If you are willing to test, you can change the function msix_pba_mmio_write to call msix_set_pending. That will allow the driver/OS to actually change the bit. [Edit: I tested this change in qemu with your latest fix_no_interrupt_from_qemu branch. The message "INFO: Interrupt from 0x40" is printed.]
Re: xHC interruption with MSI-X on QEMU doesn't work
Posted: Wed Oct 21, 2020 9:13 am
by tokusan
linuxyne wrote:If you are willing to test, you can change the function msix_pba_mmio_write to call msix_set_pending. That will allow the driver/OS to actually change the bit. [Edit: I tested this change in qemu with your latest fix_no_interrupt_from_qemu branch. The message "INFO: Interrupt from 0x40" is printed.]
Could you show me the edited msix_pba_mmio_write? I tried several codes, but couldn't get an interruption.
(BTW I said that event TRB was generated, but it turned out that this was not true. I misinterpreted QEMU's output. But at least the problem of the interruptions is solved (the way I want to implement is seemingly not supported by QEMU), so I marked this thread as solved.)

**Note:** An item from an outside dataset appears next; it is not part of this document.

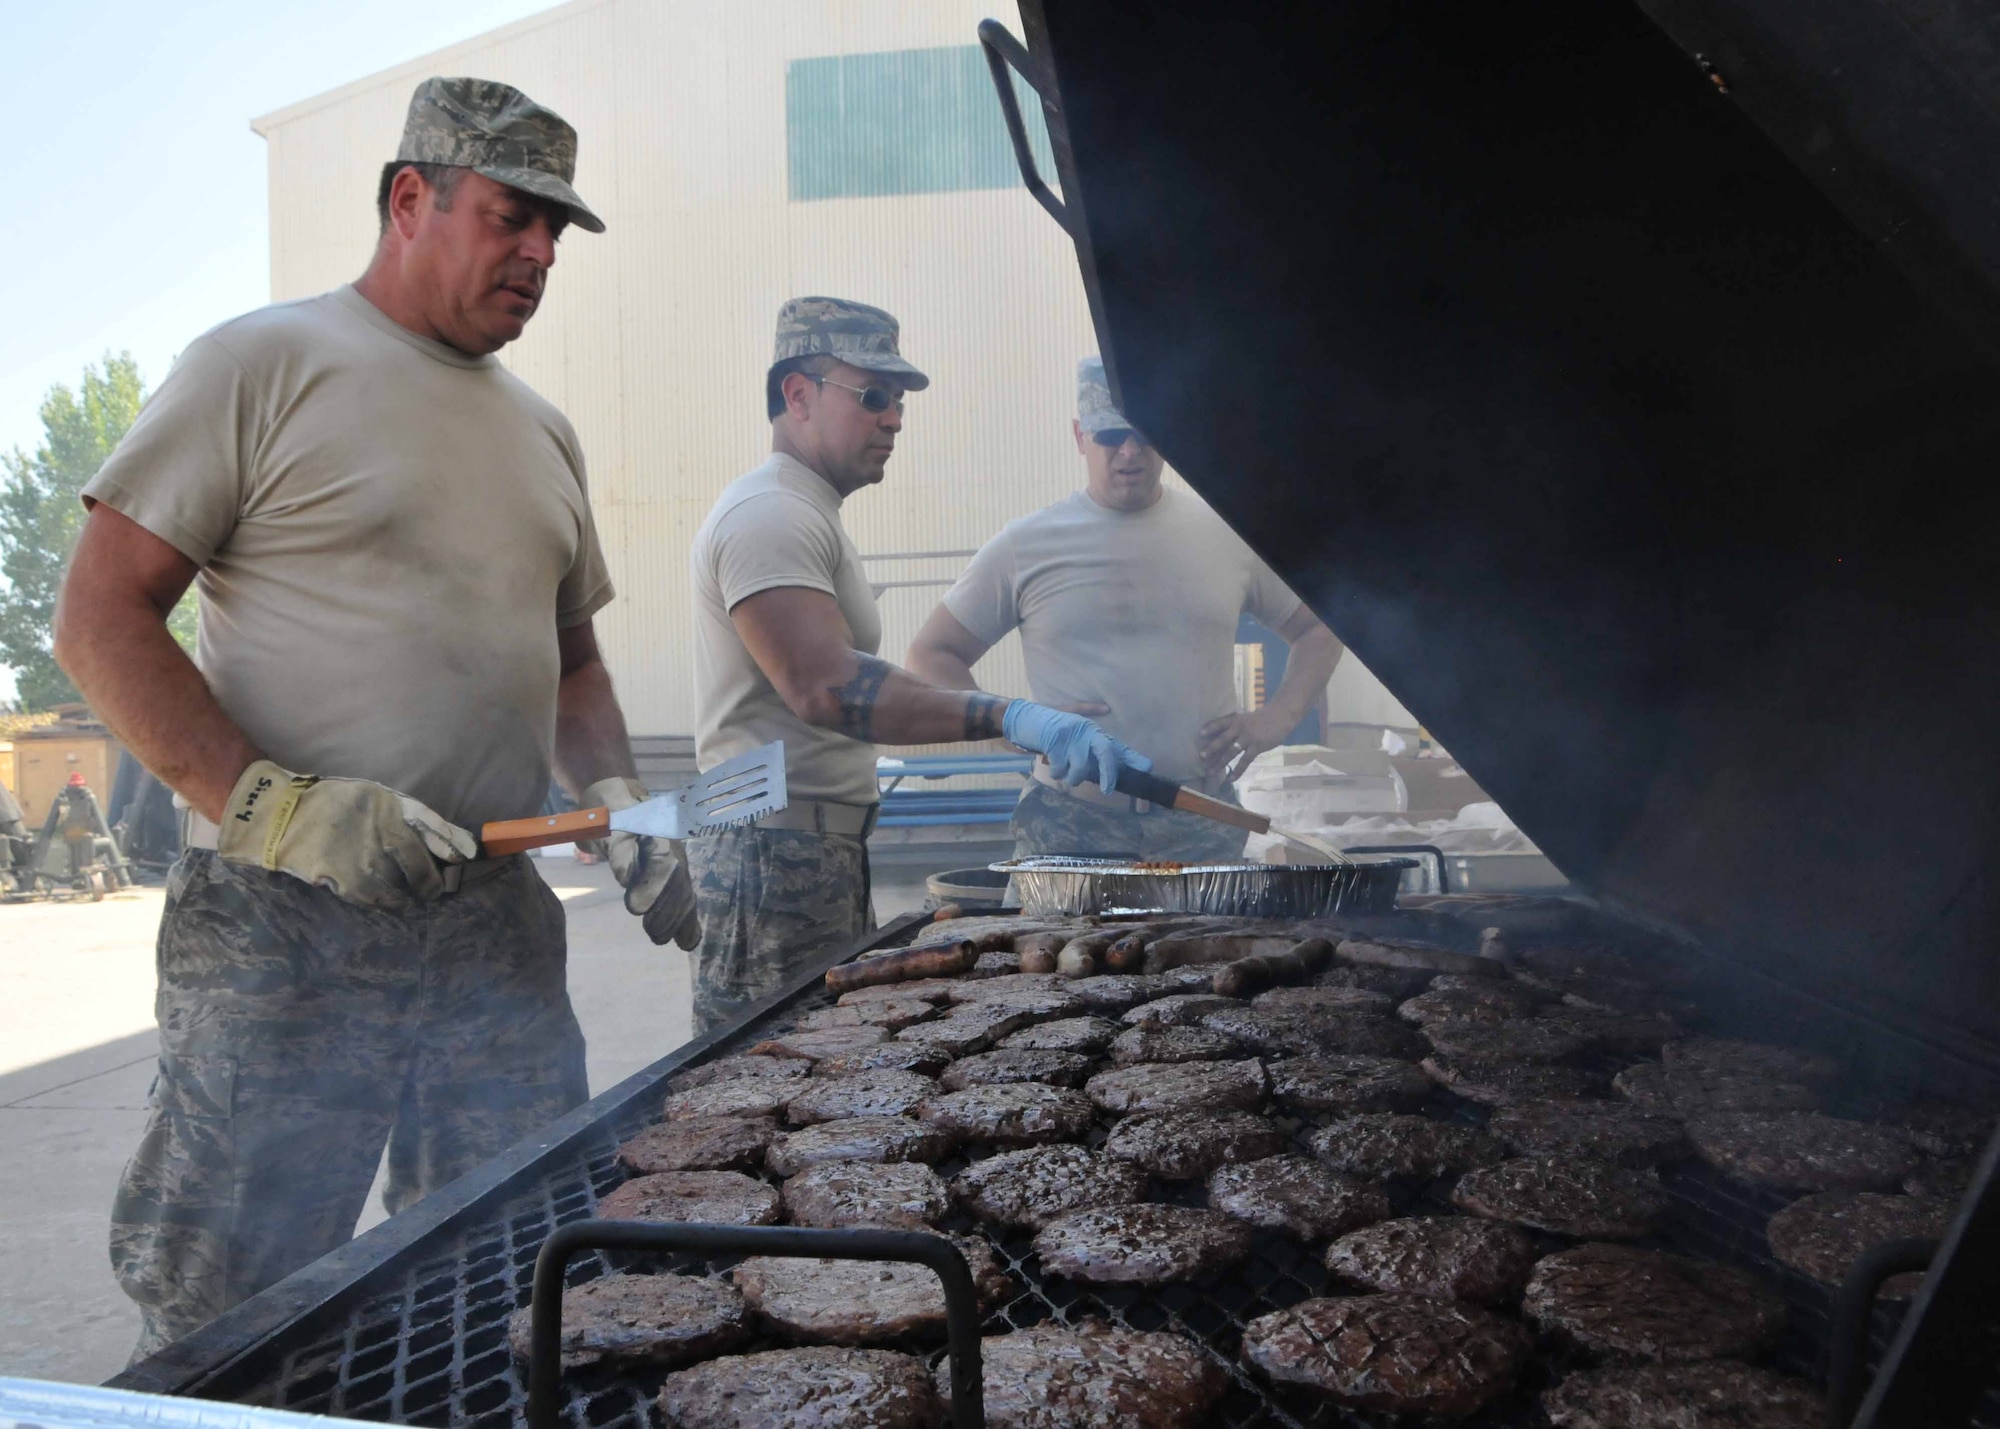 Master Sgt. Glenn T. Bosch (left), Maj. Jesse Ortega (middle), and Chief Master Sgt. Joseph A. Parlato work the grill for a senior enlisted leader sponsored burger burn at the 313th Air Expeditionary Wing on Thursday July 28, 2011 in Western Europe. (U.S. Air Force photo/Capt. John Capra)

Re: [SOLVED]xHC interruption with MSI-X on QEMU doesn't work
Posted: Wed Oct 21, 2020 9:27 am
by linuxyne
tokusan wrote:
Could you show me the edited msix_pba_mmio_write? I tried several codes, but couldn't get an interruption.
Below is a hack; it marks the vector# 0 as pending, regardless of the bit the driver/OS wants to
set in PBA. So, for testing, your code must always unmask vector# 0 (which it already does).
Code: Select all
static void msix_pba_mmio_write(void *opaque, hwaddr addr,
uint64_t val, unsigned size)
{
PCIDevice *dev = opaque;
msix_set_pending(dev, 0);
}
tokusan wrote:
...(the way I want to implement is seemingly not supported by QEMU),...
That's true, but I suppose that that way is only for testing. I do not think that commercial production OS and drivers actually write to PBA. They might read PBA to display interrupt status info. Moreover, if you add a usb-storage device to qemu's xhci bus, and run Linux on the guest, I can see that the xhci driver uses MSI-X, so the MSI-X functionality in qemu does work.